Figure 6c shows that there is not a simple linear relationship between the radius of the road section unit flat curve and the frequency of accidents within the unit. The relationship is such that at the beginning, as the radius of the road section flat curve increases, the accident frequency within the unit gradually decreases, while in instances in which the radius of the road section unit flat curve exceeds about 3.9 km, the accident risk within the unit increases slightly. The conclusion here is not entirely consistent with the established studies in which the radius of a flat curve is negatively correlated with the frequency of unit accidents on flat curve sections [
37]. The reason for this analysis is attributed to the fact that long and straight sections can have an impact on driving safety. When the radius of the flat curve is too large, the curvature of the flat curve is relatively small, and the driving difficulty is low; therefore, the driver is prone to subconsciously increase the speed, thus increasing the risk of accidents.
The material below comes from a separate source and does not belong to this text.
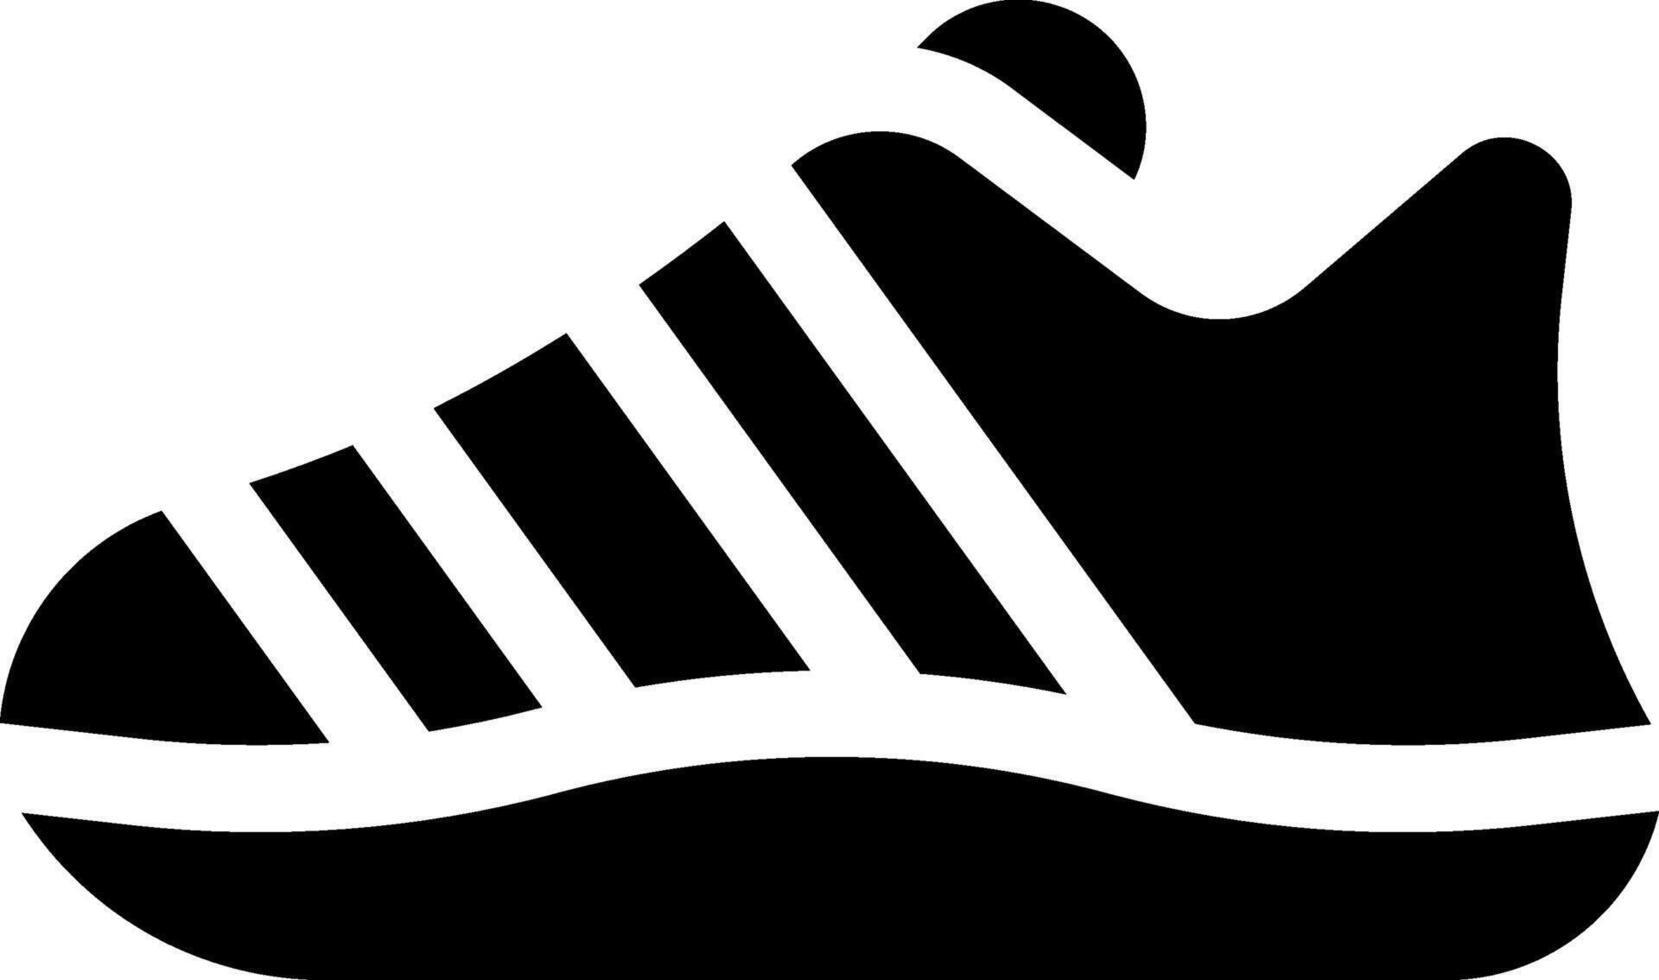 this icon or logo shoes icon or other where it explaints various types of shoes that have different uses, such as sports shoes and others or design application software vector

There are two inflection points in the data in
Figure 6d. The results indicate a higher-order polynomial correlation between the deflection angle of the flat curve and the frequency of roadway unit accidents. When the flat curve deviation angle of the road section is less than 19° or more than 60°, the accident frequency is negatively correlated with the flat curve deviation angle, and the accident risk gradually decreases as a function of the flat curve deviation angle in this interval section. In addition, when the flat curve deflection angle is between the two inflection points, the accident risk of the road section increases in relation to the increase of the flat curve deflection angle. The conclusion is consistent with established studies in terms of the pattern of change, except for the difference in threshold values.
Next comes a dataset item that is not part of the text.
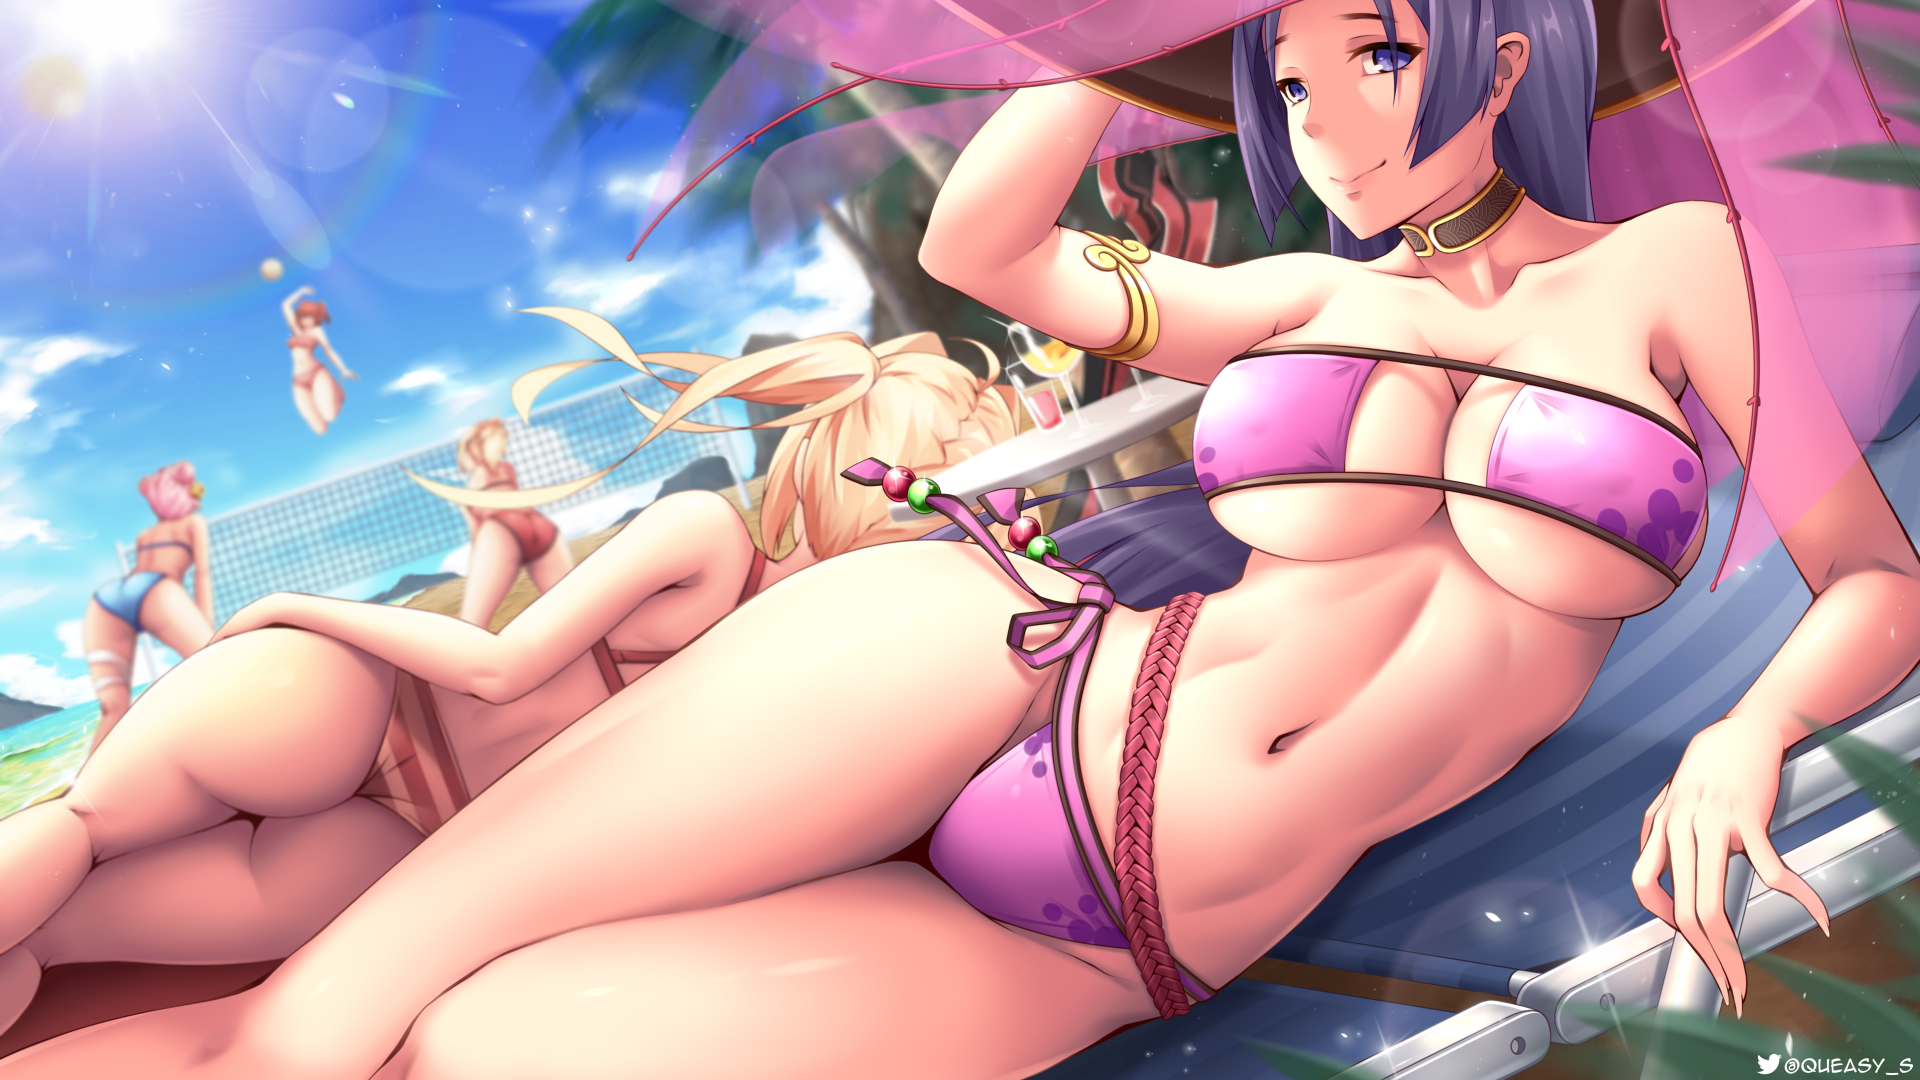 Anime 1920x1080 QueasyS group of women anime girls lying down Fate series outdoors Frankenstein (Fate/Apocrypha) Fujimaru Ritsuka beach Minamoto no Raikou ass Mordred (Fate/Apocrypha) Nero Claudius bikini looking at viewer Sun women on beach clouds beach ball purple bikini swimwear long hair beach volleyball thighs big boobs cleavage sunbed lying on side choker women outdoors smiling bent over blurry background belly depth of field leaves watermarked sunlight

Figure 6e shows that the accident frequency of the road section at the beginning gradually decreases as a function of straight-line length, and there is a quadratic polynomial relationship between the straight-line length and the accident frequency. When the straight-line length exceeds 1.15 km, the length of the straight-line section is positively correlated with the accident risk. That is, when the straight-line length within the section is too short or too long, are not conducive to highway traffic safety.
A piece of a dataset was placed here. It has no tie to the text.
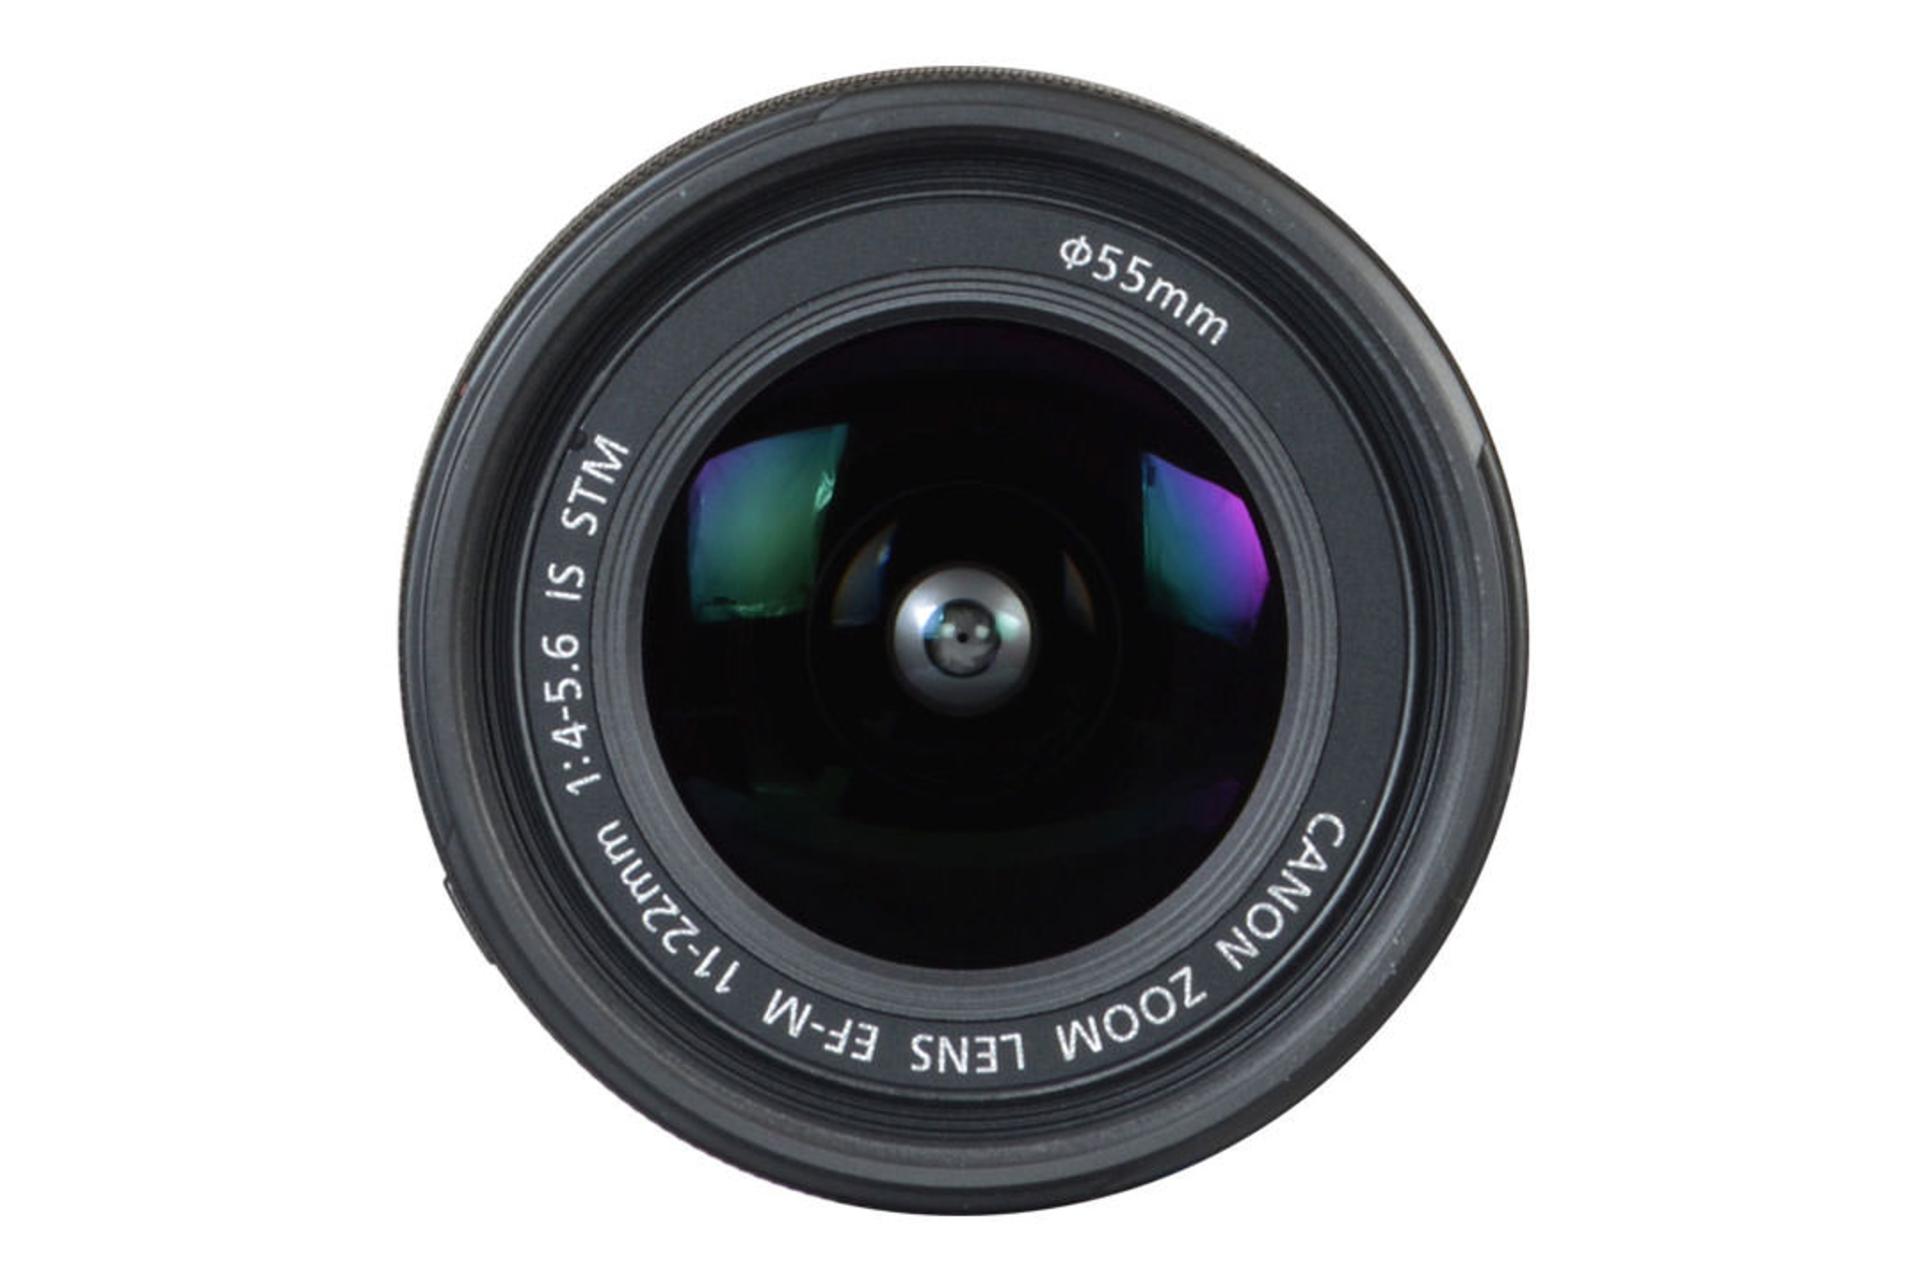 Canon EF-M 11-22mm f/4-5.6 IS STM

Figure 6f shows that the frequency of accidents within the road section decreases as a function of the increase in slope length. However, when the slope length exceeds 2.8 km, the accident risk in the road section increases slightly as a function of the slope length. Analyzing the reason is that the car would brake frequently and easily in the long downhill section, thus leading to overheating of the brake system and a decrease in braking performance, which is not conducive to driving safety. For the long uphill section, the travel speed of large vehicles is reduced considerably, thus leading to increases in the speed differences between large vehicles and small vehicles; in turn, this leads to an increase in the frequency of overtaking, thus increasing the risk of traffic accidents.
Figure 6g shows the SHAP dependence of the longitudinal slope gradient and accident frequency, from which it can be observed that the longitudinal slope gradient is correlated with the accident frequency based on a quadratic polynomial function. The accident risk of the road unit gradually increases as a function of the increase of the absolute value of the longitudinal slope, and the rate of increase of accident risk on the uphill slope is slightly larger than that on the downhill slope. This study found that the accident risk of road section units gradually increases with the increase of the absolute value of longitudinal slope, and the rate of accident risk increase on uphill is slightly larger than that on downhill. This conclusion differs from the studies [
37] in which the number of accidents on downhill sections is relatively higher than the number of accidents on uphill sections for the same absolute value of slope.